The first is the rapidity with which a scientific discovery led to a targeted therapy. The drug — called inaxaplin — targets a protein called APOL1, which was first implicated in kidney disease just 14 years ago. And the company behind the drug, Boston-based Vertex Pharmaceuticals, only began working on APOL1 in 2015.
The second is that the results suggest a way to address one of the starkest racial health disparities in the United States: the rate of kidney failure in Black Americans, more than three times higher than that for those of European ancestry.
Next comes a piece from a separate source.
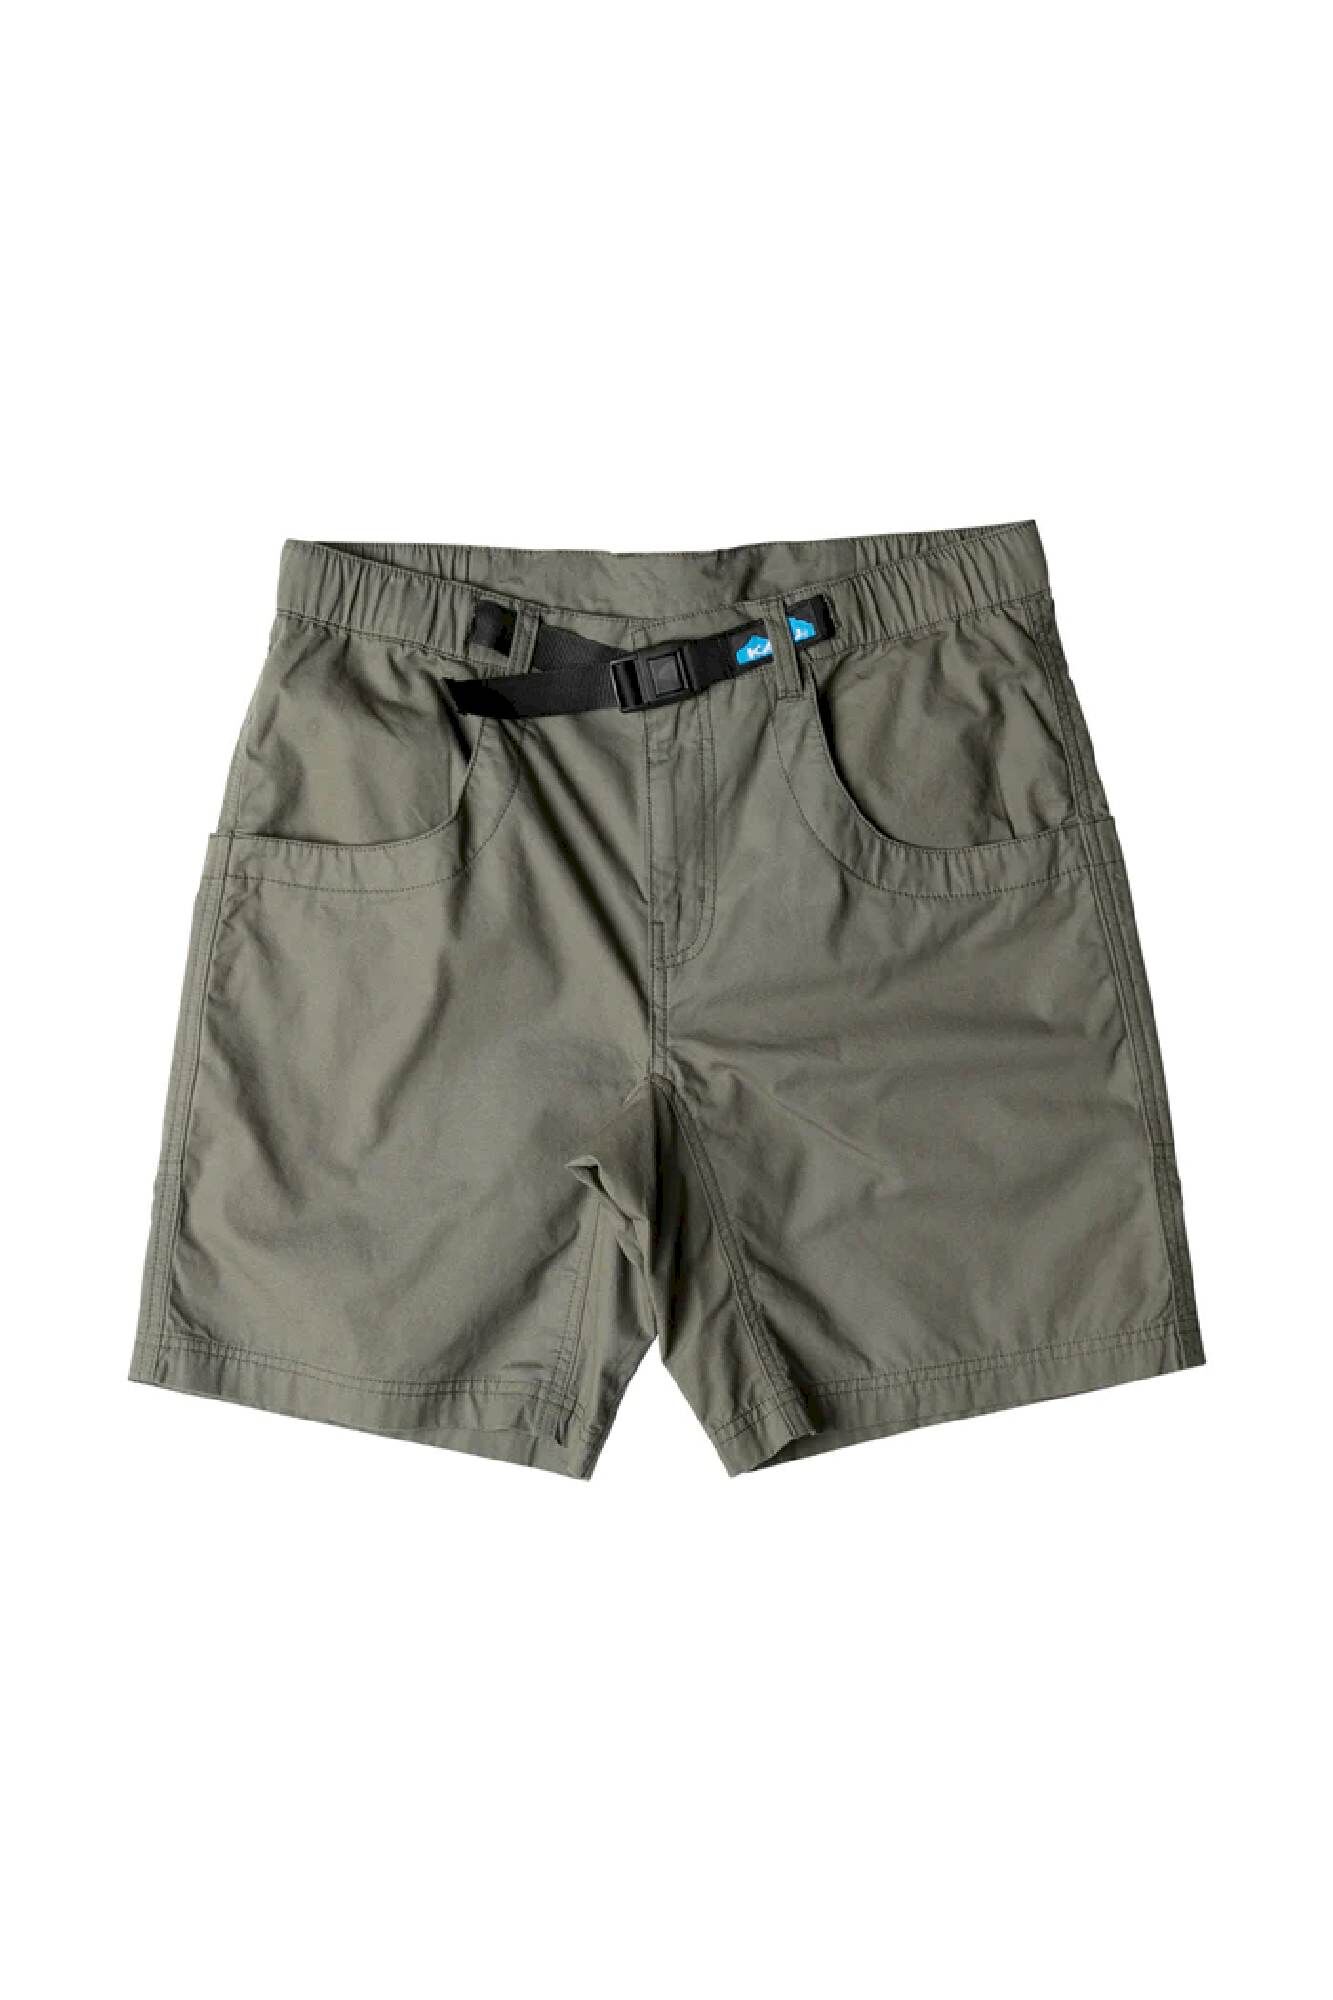 Kavu Chilli Lite Short - Pantalones cortos de trekking - Hombre | Hardloop

Every volunteer in Vertex’s study was African American. But the reason they were recruited was because of which versions they had of the gene carrying instructions for making APOL1. Certain APOL1 gene variants — called G1 and G2 — are linked to renal failure. Trial participants carried either two G1s, two G2s, or one of each.
These gene variants were discovered in two United States studies in 2010 — exclusively in Black individuals. Carrying just one of the variants has essentially no consequences for kidney health, but possessing two gives an estimated 15 to 20 percent lifetime risk of experiencing kidney disease.
And the variants are jarringly common. The proportion of Black Americans who have two of them is estimated at around 13 percent.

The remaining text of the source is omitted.